0.45+9.2.0.2

4.2 Encodings and Locales🔗ℹ

When a character-based operation is used on a port, such as Port.Input.read_char or shrubbery.read, the port’s bytes are read and interpreted as a UTF-8 encoding of characters. Thus, reading a single character may require reading multiple bytes, and an operation like Port.Input.peek_char may need to peek several bytes into the stream to determine whether a character is available. In the case of a byte stream that does not correspond to a valid UTF-8 encoding, operations such as Port.Input.read_char may need to peek one byte ahead in the stream to discover that the stream is not a valid encoding.

When an input port produces a sequence of bytes that is not a valid UTF-8 encoding in a character-reading context, then bytes that constitute an invalid sequence are converted to the character Char"\uFFFD". Specifically, bytes 255 and 254 are always converted to Char"\uFFFD", bytes in the range 192 to 253 produce Char"\uFFFD" when they are not followed by bytes that form a valid UTF-8 encoding, and bytes in the range 128 to 191 are converted to Char"\uFFFD" when they are not part of a valid encoding that was started by a preceding byte in the range 192 to 253. To put it another way, when reading a sequence of bytes as characters, a minimal set of bytes are changed to the encoding of Char"\uFFFD" so that the entire sequence of bytes is a valid UTF-8 encoding.

See Encoding and Conversion for facilities to work with UTF-8 or other encodings.
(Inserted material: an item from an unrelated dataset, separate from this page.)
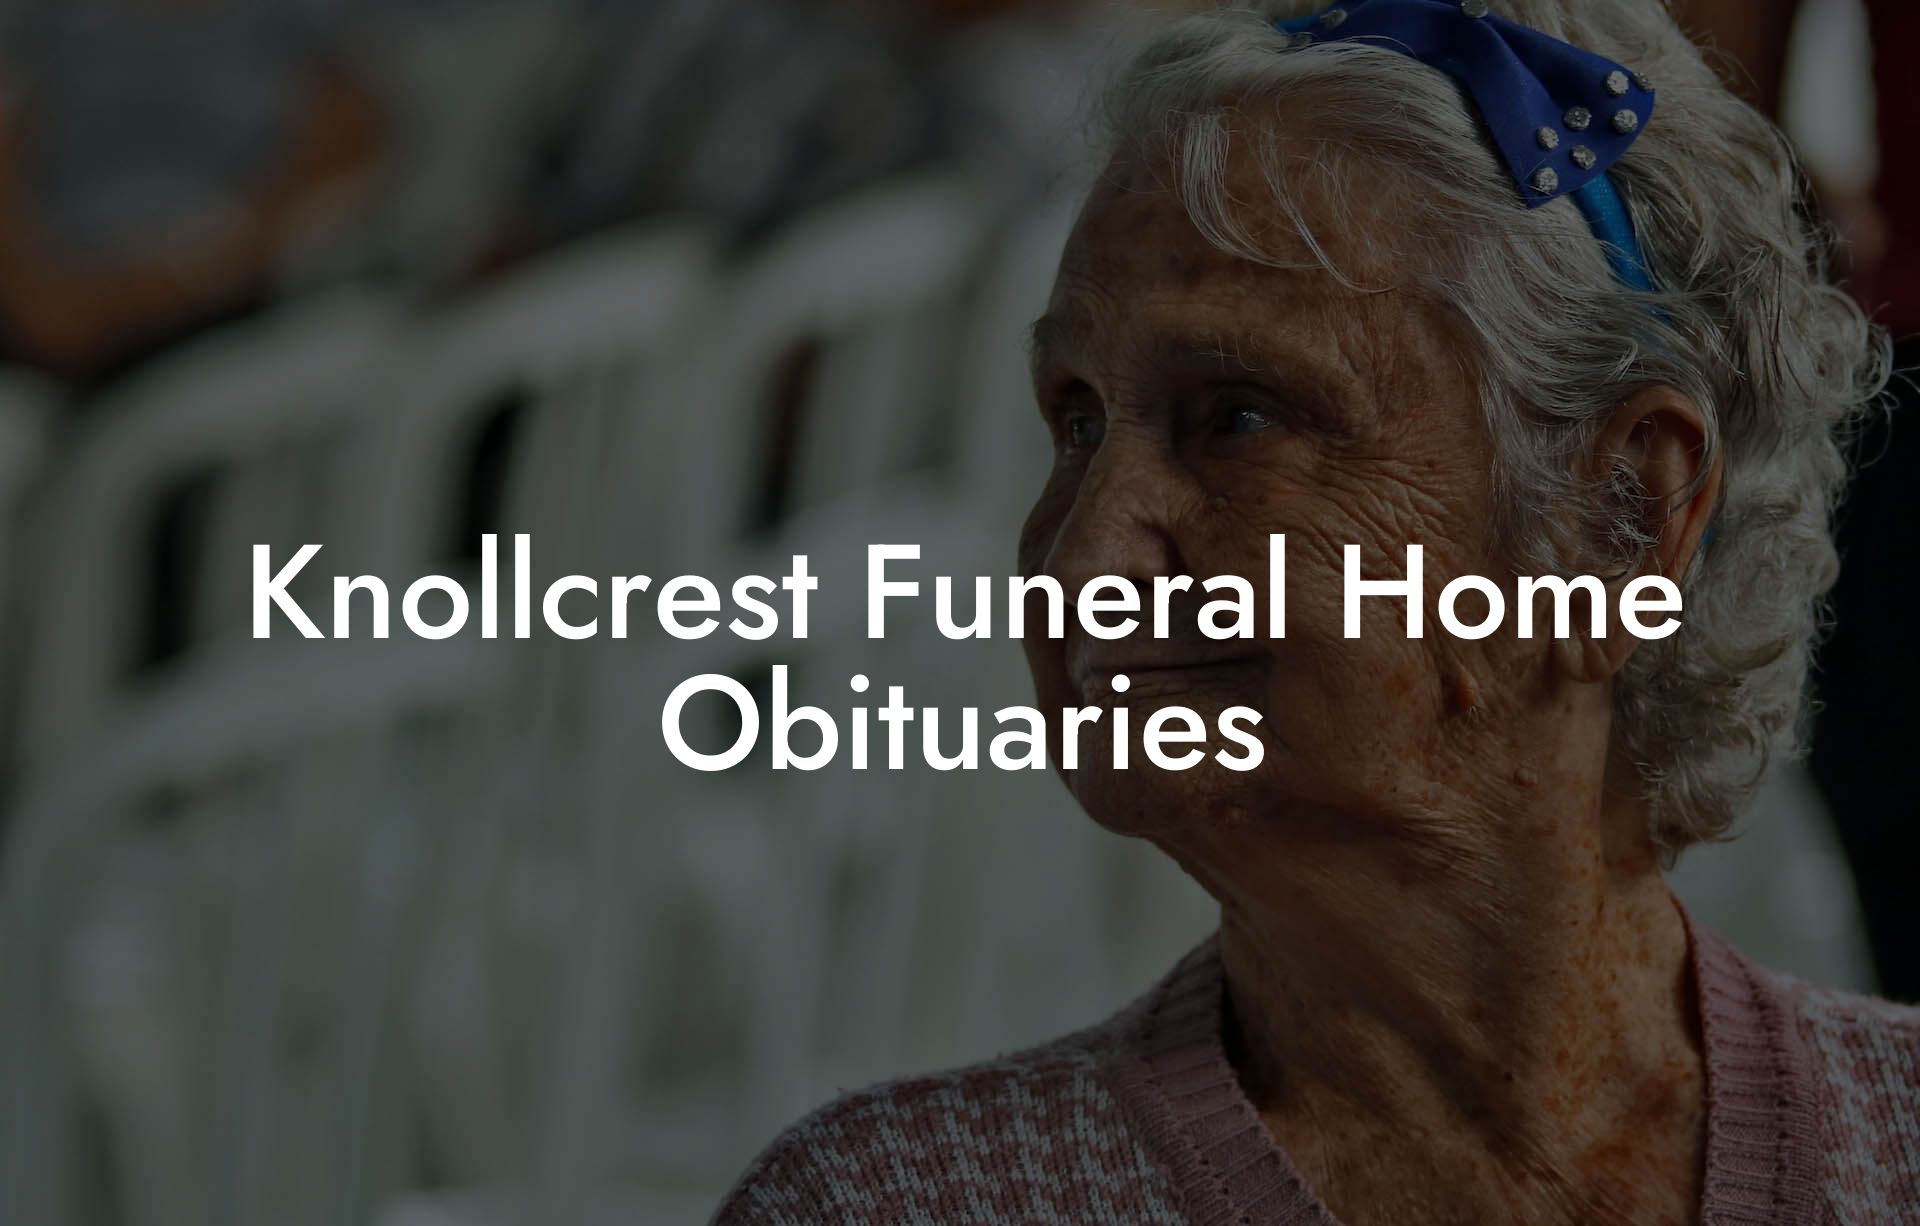 Knollcrest Funeral Home Obituaries

See also port.reencode_input and port.reencode_output for obtaining a UTF-8-based port from one that uses a different encoding of characters.

A locale captures information about a user’s language-specific interpretation of character sequences. In particular, a locale determines how strings are “alphabetized,” how a lowercase character is converted to an uppercase character, and how strings are compared without regard to case. String operations using the StringCI veneer are not sensitive to the current locale, but operations using the StringLocale or StringLocaleCI veneer produce results consistent with the current locale.

A locale also designates a particular encoding of code-point sequences into byte sequences. Rhombus generally ignores this aspect of the locale, with a few notable exceptions: command-line arguments passed to Rhombus as byte strings are converted to character strings using the locale’s encoding; command-line strings passed as byte strings to other processes (through subprocess.run) are converted to byte strings using the locale’s encoding; environment variables are converted to and from strings using the locale’s encoding; filesystem paths are converted to and from strings (for display purposes) using the locale’s encoding; and, finally, Rhombus provides operations such as String.locale_bytes and Bytes.locale_string to specifically invoke a locale-specific encoding.

A Unix user selects a locale by setting environment variables, such as LC_ALL. On Windows and Mac OS, the operating system provides other mechanisms for setting the locale. Within Racket, the current locale can be changed by setting the bytes.current_locale parameter. The locale name within Rhombus is a string, and the available locale names depend on the platform and its configuration, but the "" locale means the current user’s default locale; on Windows and Mac OS, the encoding for "" is always UTF-8, and locale-sensitive operations use the operating system’s native interface. (In particular, setting the LC_ALL and LC_CTYPE environment variables does not affect the locale "" on Mac OS. Use envvars.getenv and bytes.current_locale to explicitly install the environment-specified locale, if desired.) Setting the current locale to #false makes locale-sensitive operations locale-insensitive, which means using the Unicode mapping for case operations and using UTF-8 for encoding.